| Ayça AKÇAY, Lawyer |
ABSTRACT
With the acceleration of digitalisation, online games have transformed from being merely platforms played for entertainment purposes into a serious ecosystem where individuals spend time and money. Virtual items used in these games, which can sometimes be bought and sold in exchange for real money, have also brought along significant debates in terms of taxation. In particular, the question of whether these digital assets should be classified as “goods” or “services” is crucial in determining their legal status. Indeed, with the determination of this matter, the evaluation of the purchase and sale of such assets or any transaction conducted through these assets from the perspective of tax law has also become an issue. In this study, the legal status and nature of virtual items in online games have been examined, and the gaps encountered in Turkish legislation have been addressed comparatively with international practices. Consequently, this study aims to examine the necessity for tax law to transform while maintaining its currency and the regulations that need to be made regarding the aforementioned subject.
Keywords: Online Games, Virtual Item, Digital Economy, Tax Law, Concept of Goods, Concept of Services, Virtual Property, Value Added Tax, Income Tax, Digital Services Tax.
INTRODUCTION
With the acceleration of digitalisation, the gaming sector is undergoing a remarkable transformation not only in terms of entertainment but also in its economic and legal dimensions. Along with the development demonstrated by Turkey-based gaming companies in the international market, there has been a significant increase in the number of users of online games in our country. Particularly with multiplayer online games (MMORPG, FPS, Sandbox, etc.), the acquisition, transfer, and even sale of in-game assets in exchange for real money have clearly revealed that these assets possess economic value. This situation has also brought along states’ approaches to taxing these assets and their efforts to determine the legal nature of these assets. In the field, especially the development of purchase and sale activities, and even factors such as the time and money spent determining the price of these sales, have transformed the subject from being merely for entertainment purposes into an economic matter. The determination of the legal nature of these items is controversial and uncertain for many laws, including tax laws. In particular, as will be mentioned in the following sections, the legal status of these items in our country has been regulated in only one of the new tax laws, and since no parallel regulation was made, it has brought along many problems. In this study, regarding these online games where economic activities exist, due to the state’s desire to tax upon seeing the gap in terms of taxation, determinations will be made regarding the discussions on whether in-game assets will be considered goods or services, and subsequently, by giving examples from practice, determinations will be made regarding the type of taxation that will occur with the regulation of the subject by law.
I. ONLINE GAMES
1. Contents That Users Can Own or Benefit From in Games
Digital assets in games encompass elements such as in-game characters, costumes, weapons, virtual lands, and currencies, and can be bought and sold among players with real money. Thus, in-game elements have begun to be accepted as property¹ that is abstract but has economic value. However, making these abstract things subject to ownership also brings along various legal problems. Game developers can restrict the ownership rights of in-game contents through user agreements and license agreements or keep them entirely with themselves. This situation shows that the digital assets that players think they own are actually not permanent ownership but rental or usage rights². Furthermore, the transfer, sale, and trading of in-game assets on third-party platforms require complex regulations in terms of intellectual property and consumer rights. Examples of certain contents that players “own” within the game can be given as follows:
• Visual Components: Locations, artworks, structure or landscape designs, animations, and audio-visual effects;
• Narratives: Themes, concepts, stories, and plots;
• Characters: Names, likenesses, inventories, and slogans of game characters;
• Elements: Digital cards, currencies, potions, weapons, armours, wearable items, appearances, sprays, pets, mounts, etc. virtual products.
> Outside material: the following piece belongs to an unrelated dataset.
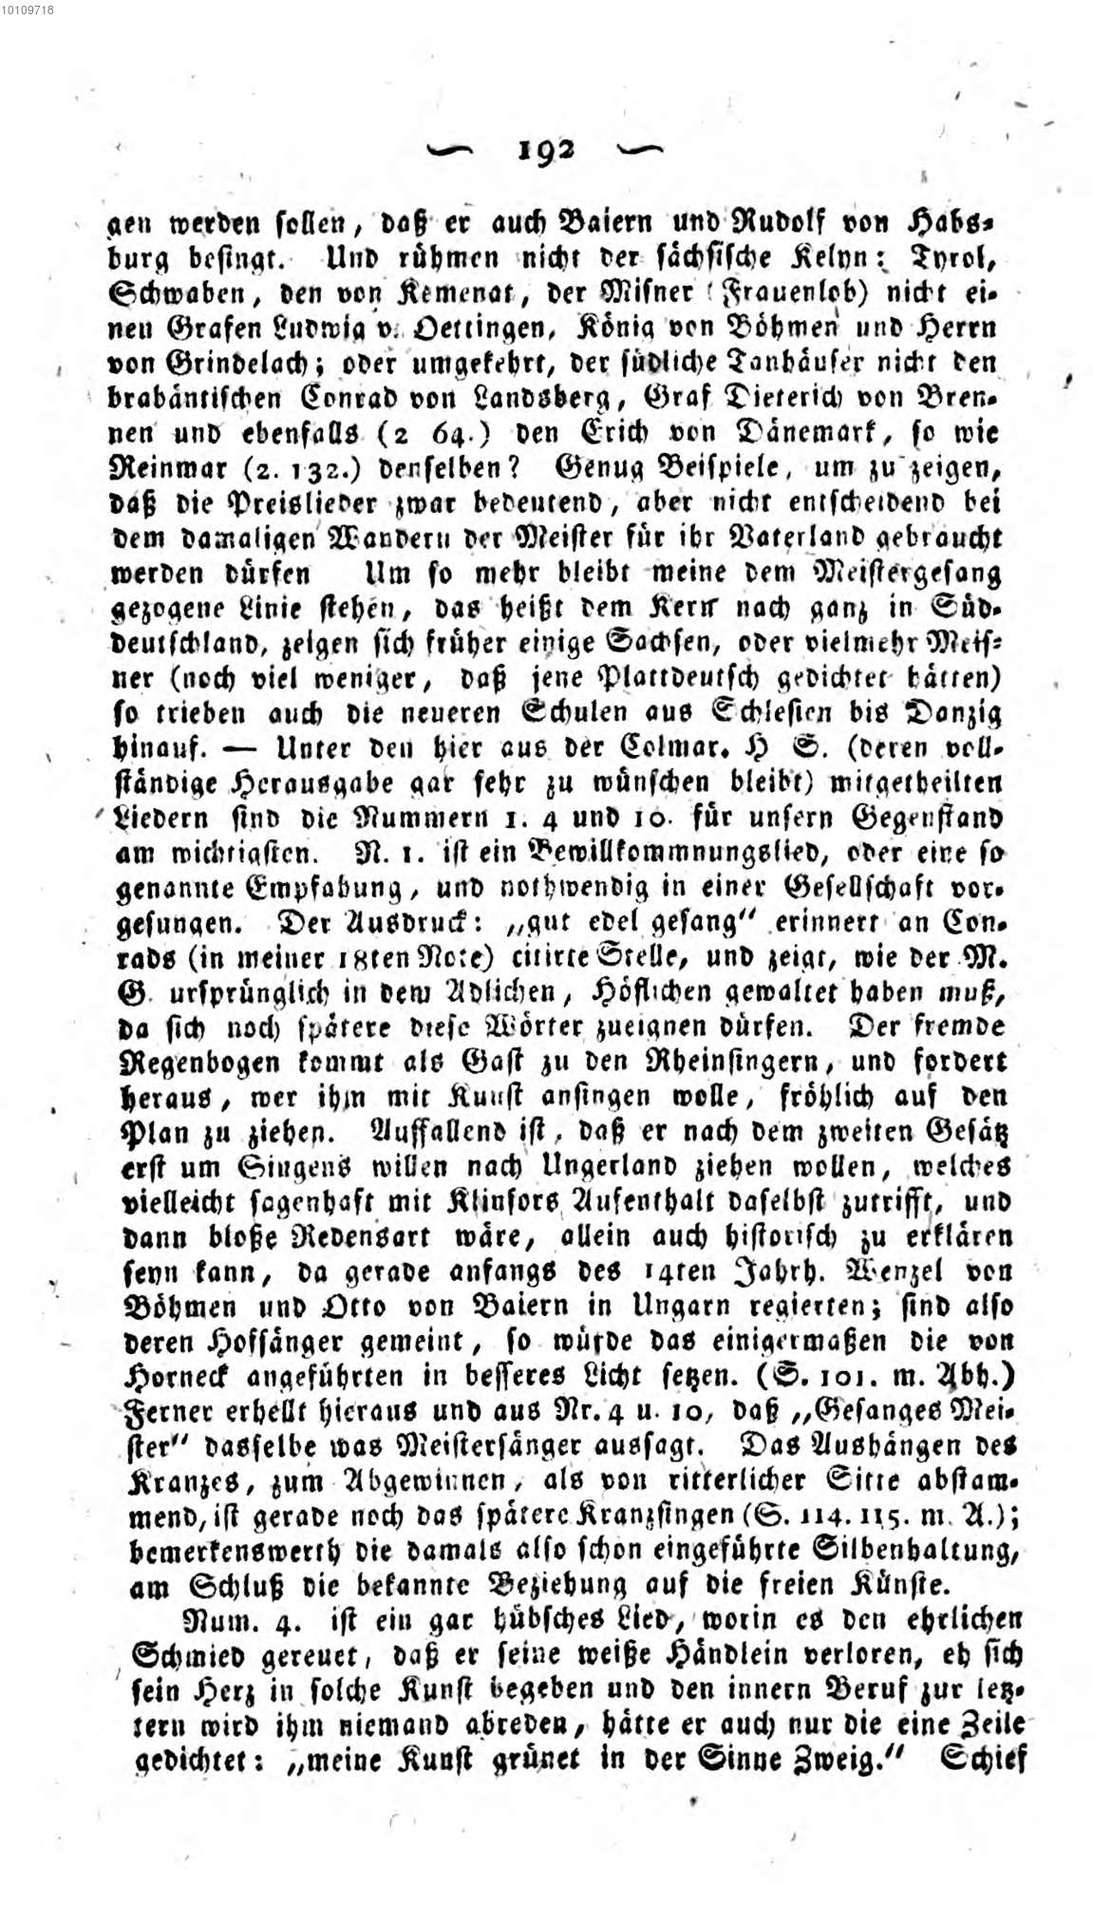 Grimm_J_-_Ueber_den_altdeutschen_Meistergesang-193.jpg

Here, especially in games that grant freedom in the area creation section, area designs and created characters require more focused discussion of their ownership since they require more effort and in-game money/real money rather than content creators giving a direct object. These tools and contents are generally referred to as items. In this virtual environment, people are learning to personalise their items and produce personal assets to the extent that the virtual environment permits, and to earn income from this virtual realm. Users, by spending both time and money for their virtual personalities that they have developed themselves, become attached to them and see them as a reflection and even an important part of their physical, real selves³. Indeed, as will be addressed in the following sections of our study, depending on whether these items used in the game are legally classified as goods or services, in addition to the above-mentioned matters, it also brings along problems in terms of tax law.
2. Ownership of Items: Goods or Services?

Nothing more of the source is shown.